I’m not talking out of my ass, but a friend of mines who knows him says this guy is getting laid AT WILL!
smelly fucky. hello smelly fucky.
me like to wee wee
Mystery, where have you gone?
when I find you, I’m gonna bend you over your parents marital bed, spread those gangly long legs of yours wide apart so that you feel utterly degraded. yank your long hair back so you “freeze” sexually just like lions do befoe they do the deed. then take raptourous delight in pounding your anal passage as hard and visciously as is humanly possible while grunting like an ape. You will be frothing at the mouth and your lungs will collapse from squealing so hard.
Believe me, when I am done w/ your anus, the doctors won’t be able to distinguish between it and an erupting volcano. They’ll think someone has taken a pneumatic drill to you back passage.
Seriously, this will never get old. I can read this shit all day long. The funny thing is !Mystery is the only person who’s actually posted something constructive. Me might also be the only person to write something positive.
Especially about How I can score a date with Mystery. Does anyone know about if negs work on him? Will I get LMR? If I try a freezeout on him will it work?
B.T.W. The imposter I am referring to is the author of this post.
I mean, there’s not even 1 mention of Mystery in that entire post.
I have fantasies about Mystery and I all day long. Of course I would never make a post wihtout at least mentioning my love at least one time.
So stop pretending to be me. I love mystery. I would love to have at least a day 2 with him, at least a !close, possibly an LTR. Anyone who says any different is obviously an imposter with nothing useful to say.
Plus I think about Mystery all day long, and when I go to bed at night. Yesterday I imagined he and I walking through the park hand and hand. I said, “Mystery If I go on TCs blog and say that you are the only one who’s posts are worth while, will you stay with me tonight? Can we be together forever?”
He just smiled and tipped his goggles as he leaned forward, then kissed me.
ray gordon?
hahahahahahahahahaha
that guy is THE BIGGEST FUCKTARD to EVER post on asf.
hahahaha. go downstairs and say hi to your mother for me Ray…
“RSD is afraid of little ol’ me!”
Little and TC now that’s gotta’ be the most underrated comment of the year.
To the guy pretending to be me: You’re only reinforcing my point. If you actually have something to contribute though, by all means jump grace us with your genius. I always appreciate hearing new ideas.
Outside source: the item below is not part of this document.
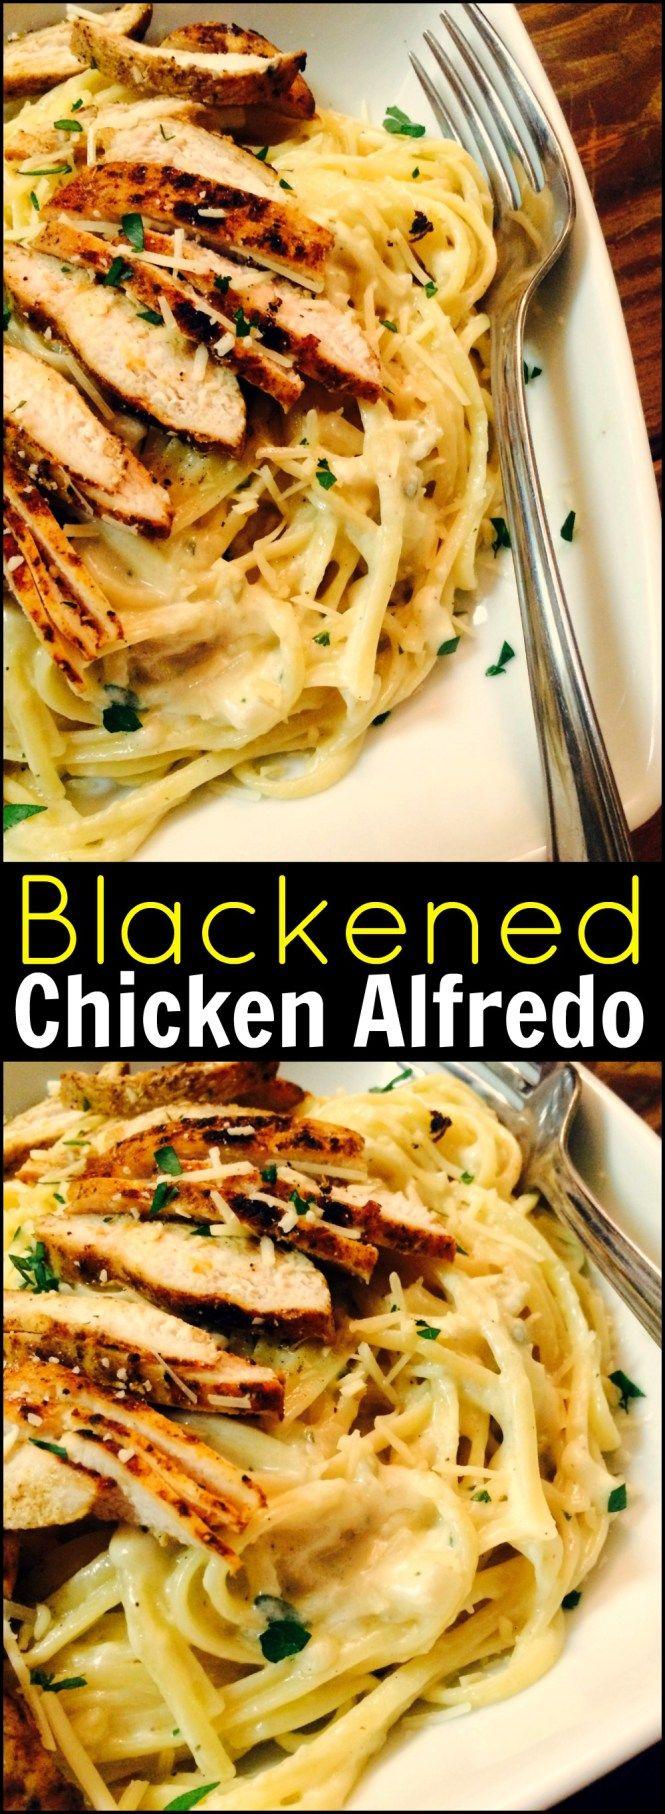 Blackened Chicken Alfredo | Aunt Bee's Recipes

Stop your ass kissing and hero worshipping you pathetic fools.
Mystery is a TROLL on this board. go home erik. back to mommy. thete’s a good boy.
Reylt that’s really cool that Mystery kissed you man, did he lube up your anus before he did you? was he gentle or did he ravish you?
Did he disarm your ASD and LMR w/ freezeouts?
cummmon man, give us more details
Lol. Being here reminds me of trying to communicate with the mentally challenged. You can talk to them, try to help them. But they don’t understand, get upset about it; then start throwing a tantrum.
If you need to break somebody down to build your ego, try your younger siblings. Nobody here gives a damn about what somebody they’ve never met says. It’s impossible for you to have the slightest idea what you’re talking about.
This place is about growth and improvement. Mabye instead of complaining, people here should start applying the concepts they’ve learned. Perhaps you’ll find more enjoyment in your life. It is YOUR life, why waste it by being so negative? Get out there and sarge TONIGHT. It is Saturday. If you learn something new, come back here and share it. Improve the quality of somebody else’s life. Some day they might do the same for you.
Peace,
Relyt
It’s always the guys who haven’t posted anything worth of shit that like to bitch about other guys not posting anything worth of shit.
Go Relyt!!!
Join the ranks of Don Won Ton and Random Samurai…
Oh and please let us know how your Day2 with Mystery went.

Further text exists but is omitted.